Quicken allows you to add a variety of account types for managing your finances and tracking your net worth. Quicken categorizes your financial accounts into four categories, spending & savings accounts, investing and retirement accounts, property and asset accounts and loan and debt accounts. Let's review each of these account categories in detail to give a detailed overview of the account types that are possible to track in Quicken. Spending and savings accounts are those primary accounts that you use for every day transactions. These include bank accounts, such as checking accounts or savings accounts, credit card and line of credit accounts, money market accounts or even cash accounts.
A cash account is exactly what it sounds like. A place to keep track of any cash that you use for everyday spending. For many people, tracking these everyday spending accounts is their primary use of Quicken. Investing and retirement accounts are those accounts that you use for your long-term investments. These include brokerage accounts, 401(k) or 403(b) accounts, individual retirement accounts or Keogh plan accounts, 529 education savings accounts, and even single mutual fund accounts. Now brokerage accounts include most investment account types.
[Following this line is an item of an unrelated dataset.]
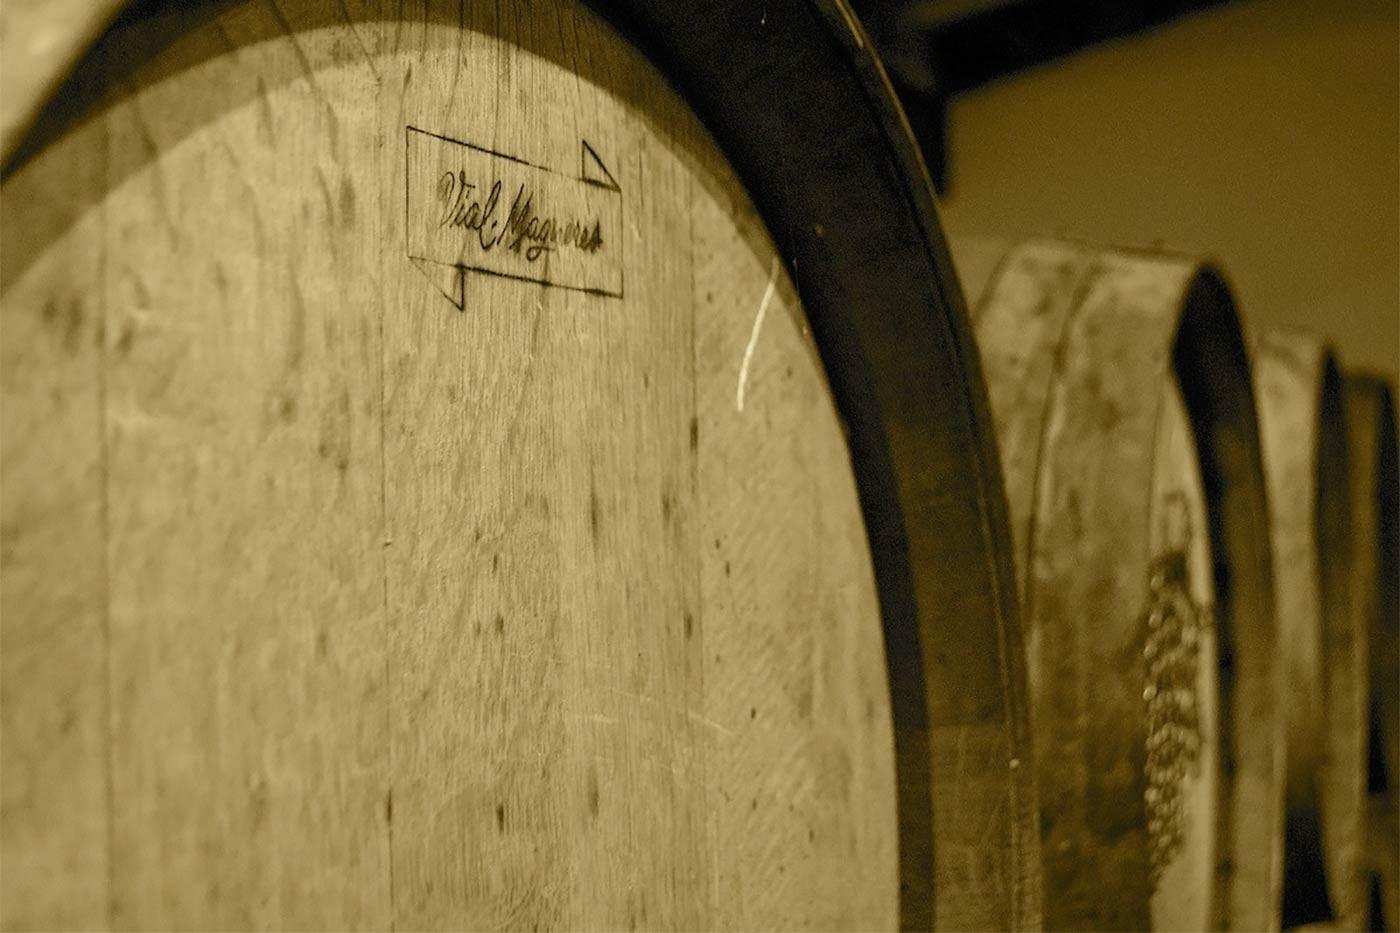 Des vignes à Banyuls sur mer, Cosprons, Port-Vendres

Brokerage accounts can hold one or more securities such as stocks, bonds, or mutual funds, with or without an associated cash management or money market fund. If you hold your investments at a large brokerage firm like Charles Schwab, Vanguard, or Fidelity, you'd want to add a brokerage account. Brokerage accounts also include accounts such as employee stock plans, employee stock option grants, or employee stock purchase plans. In addition, you'd also add a brokerage account if you wanted to track a single mutual fund that you've invested in, variable or fixed annuities, real estate investment trusts, or unit trusts.
Just to add the appropriate number of shares and price and periodically update the security prices. 401(k) or 403(b) accounts are employer sponsored retirement plans. Contributions to these accounts are tax deferred, and employer may make matching contributions. Quicken can track your holdings whether or not your statement shows transaction level detail. IRA or Keogh plan accounts are individual retirement accounts and IRA type accounts including traditional IRAs, Roth IRAs, SEP or Self Employed Person IRAs, simple IRAs, education IRAs, Cloverdell ESAs or Keogh plans.
529 plans are education savings accounts. When you add a 529 plan to Quicken, Quicken automatically marks the account as tax deferred. Property and asset accounts are used to track the value of property you own such as houses, vehicles, or valuable assets such as art, collectibles, or capital equipment. Quicken will help you track your appreciation and depreciation of the property or asset. These property and asset accounts are used by Quicken to help you accurately track your net worth. Quicken allows you to connect these property and asset accounts to an associated loan or debt account.
Loan and debt accounts are those accounts for the money that you owe. Quicken categorizes these accounts into loan accounts, home equity line of credit accounts and other liabilities. Lets take a minute to talk about each of these types of loan and debt accounts. A loan account is account such as a loan you take out to purchase a house, a vehicle, or any other type of loan you may take out from a bank. When you setup a loan, Quicken creates a loan account that shows the balance owed on the account and keeps that up to date by connecting to the loan account online.
A Home Equity Line of Credit or HELOC account can be linked to your house account to better affect your net equity. It helps you track a changing balance of withdrawals and payments. Another type of liability account are those informal liabilities you may have, such as money you've borrowed from friends or family that doesn't have an interest rate or term associated with it. An important thing to keep in mind, is that the more accounts you add to Quicken, the more closely Quicken reflects your true financial situation. This can assist you in short and long term financial planning.